# Vitamix



## Sonshe (Jun 17, 2006)

I know this discussion has been before so I apologize in advance but I'm not very good at finding answers in old threads.

So my question: Is the Vitamix really worth the money? My Hamilton Beach blender is about ready to quit (got that burned motor smell) and I'm looking for another one before I really need it. What I want is something that is powerful enough to powder dried foods into powder and grind dried bread into fine bread crumbs. 

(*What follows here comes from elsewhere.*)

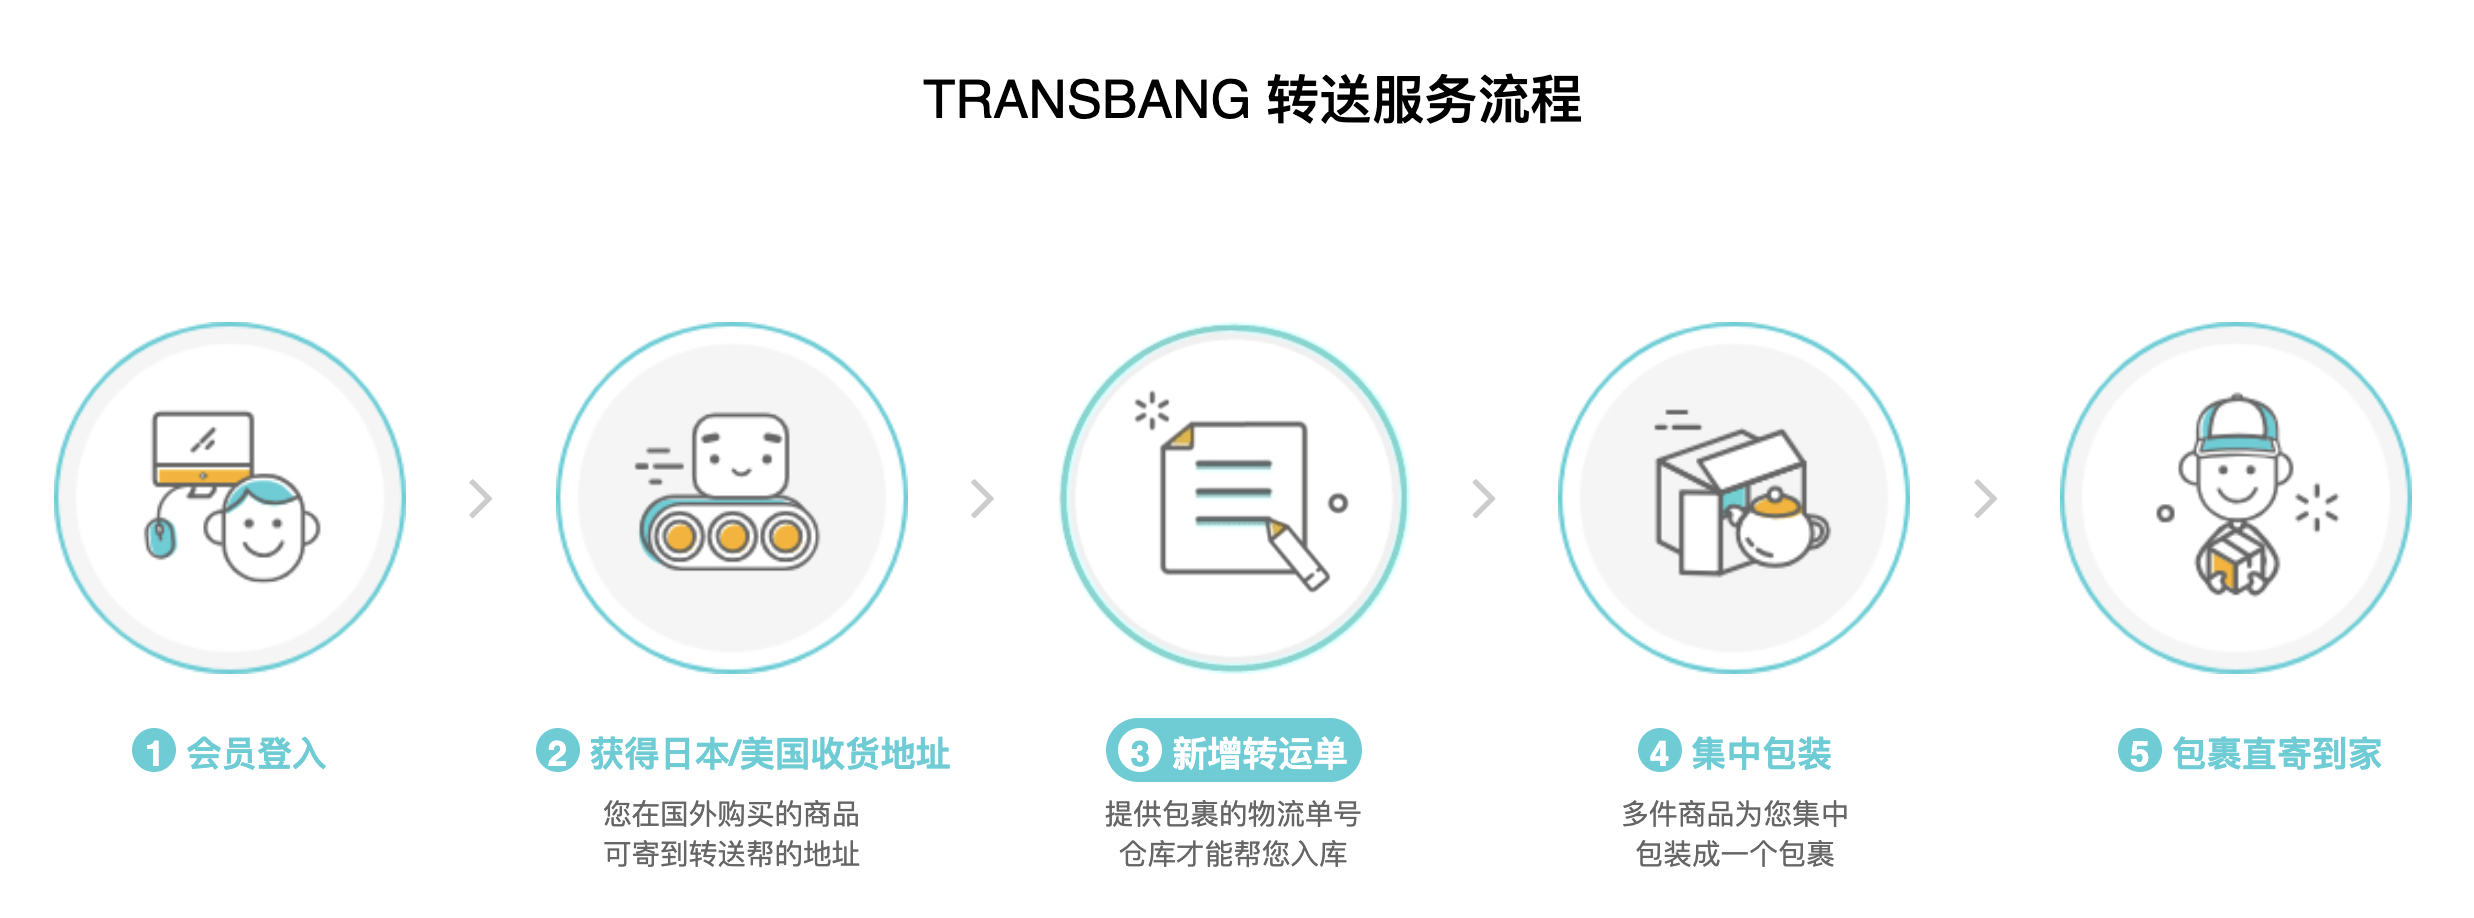 TRANSBANG 转送帮服务流程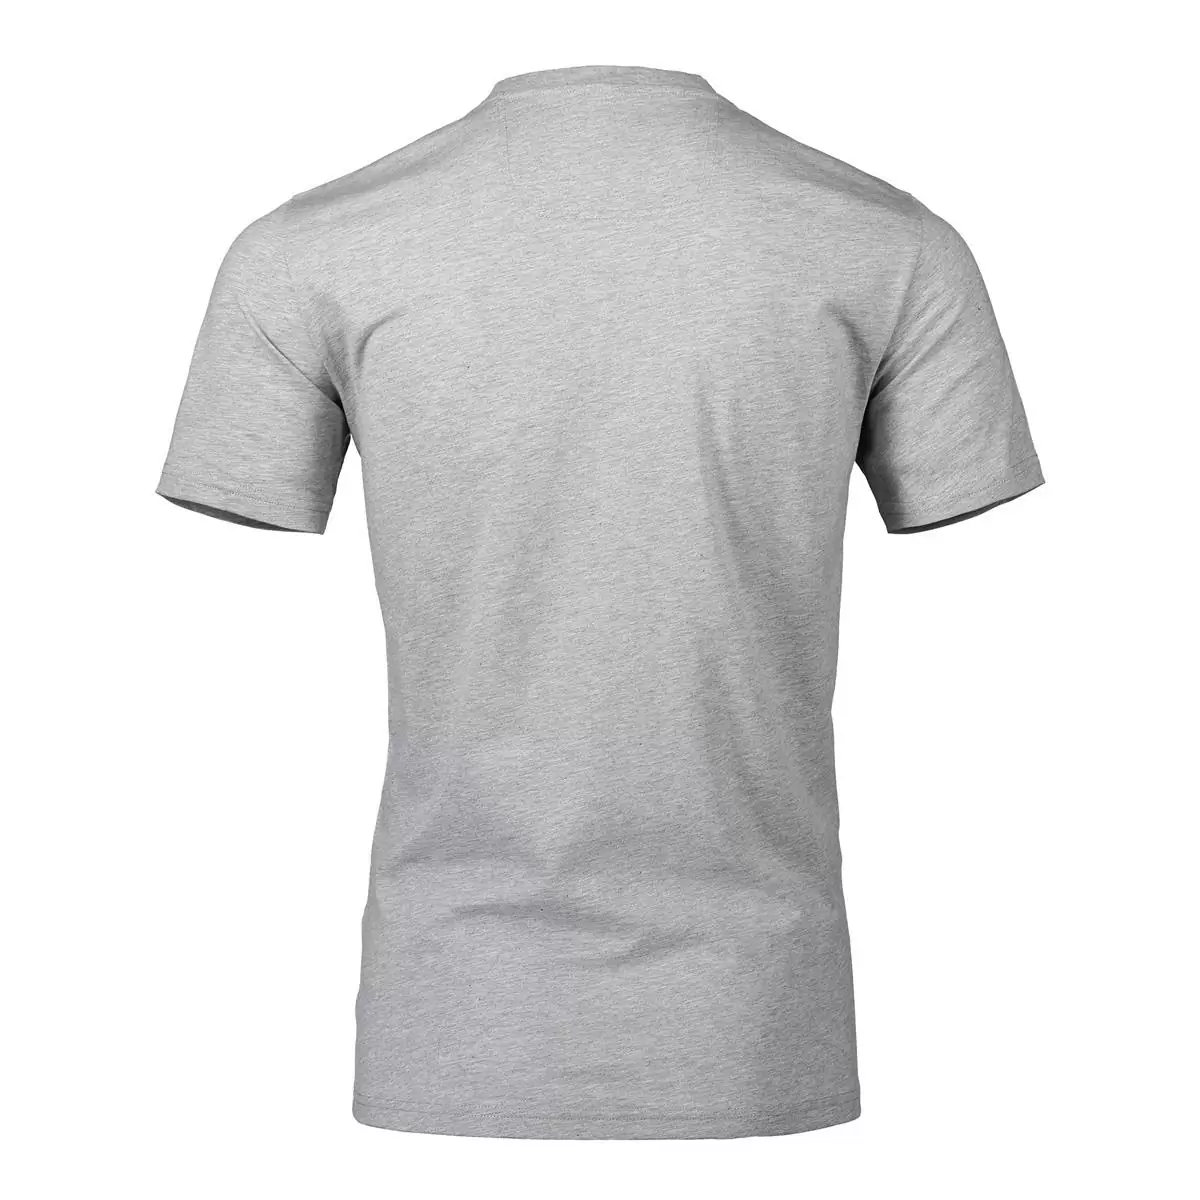 Kurzarm T-Shirt Grau Größe L #1

My HB is great with liquids but doesn't do well at all with dried foods no matter what I have tried to do. I've had it for quite a few years and it's been ok but it surely does not do a good job grinding stuff into powders -- and I use a lot of powders from my dehydrated foods.

Any suggestions?


----------



## Marilyn (Aug 2, 2006)

I would definitely go for the VitaMix if you can make it fit into your budget - and get the second "dry" container for powdering your dehydrated foods. The machine does so much more than that, you may find yourself using it much more frequently than you thought.

Is it possible that your dehydrated foods might need to be dried a bit longer. Meat can be a little tricky, but things like tomatoes, onions, horseradish can be turned into powder with very little effort in a mortar & pestle (sp).

Not only will the "dry" container assist in making bread crumbs, it will grind wheat berries, beans, etc. into flour! It will make peanut butter from fresh peanuts, the best fruit smoothies you have ever eaten, _*real *_frozen yogurt, and hot soup from fresh vegetables. Can you tell I like my VitaMix?


----------



## Astrid (Nov 13, 2010)

I love my vita mix... I have several containers that I use for different jobs. One of them I use to puree kitchen waste that I use to side dress my heavier feeding plants. 
You can get vita mixes on ebay for a fraction of the cost of a new one. I bought my first years ago from the company and gave it to my daughter. The one I have now I bought on ebay. Its not a new model, but works just as well.


----------



## lonelyfarmgirl (Feb 6, 2005)

I like my vita mix. I use it several times a week to grind berries into flour, although I find I can't get it as soft as store bought. I always wonder how long the blade will hold out.
I use it to make butter.
I dont think the soup it makes is near hot enough for my tastes, but an interesting feature nonetheless. My DD has used it to make smoothies, and I have used it to grind dried tomatoes into powder. Works great.


----------



## judylou (Jun 19, 2009)

I know this will be going against the trend but I had one and returned it as I just never could justify the cost of it no matter how I tried. I found a nice Cuisinart that does everything (except heat soup) just as well as the Vitamix ever did and for 1/3 of the price. There really are some things in life that are simply over-priced.

JMO


----------



## lonelyfarmgirl (Feb 6, 2005)

I totally agree with you. I bought one years ago, and returned it just in time for the 600$ part to go on my van. I received one for a gift years later. Otherwise, I still wouldn't have one. I find my mihu-lisa steam juicer a much more valuable tool. I did buy that. 120$.


----------



## used2bcool13 (Sep 24, 2007)

I need to preface this with, I don't have one but have toyed with the idea many times but because of the cost have not gone through with the purchase. 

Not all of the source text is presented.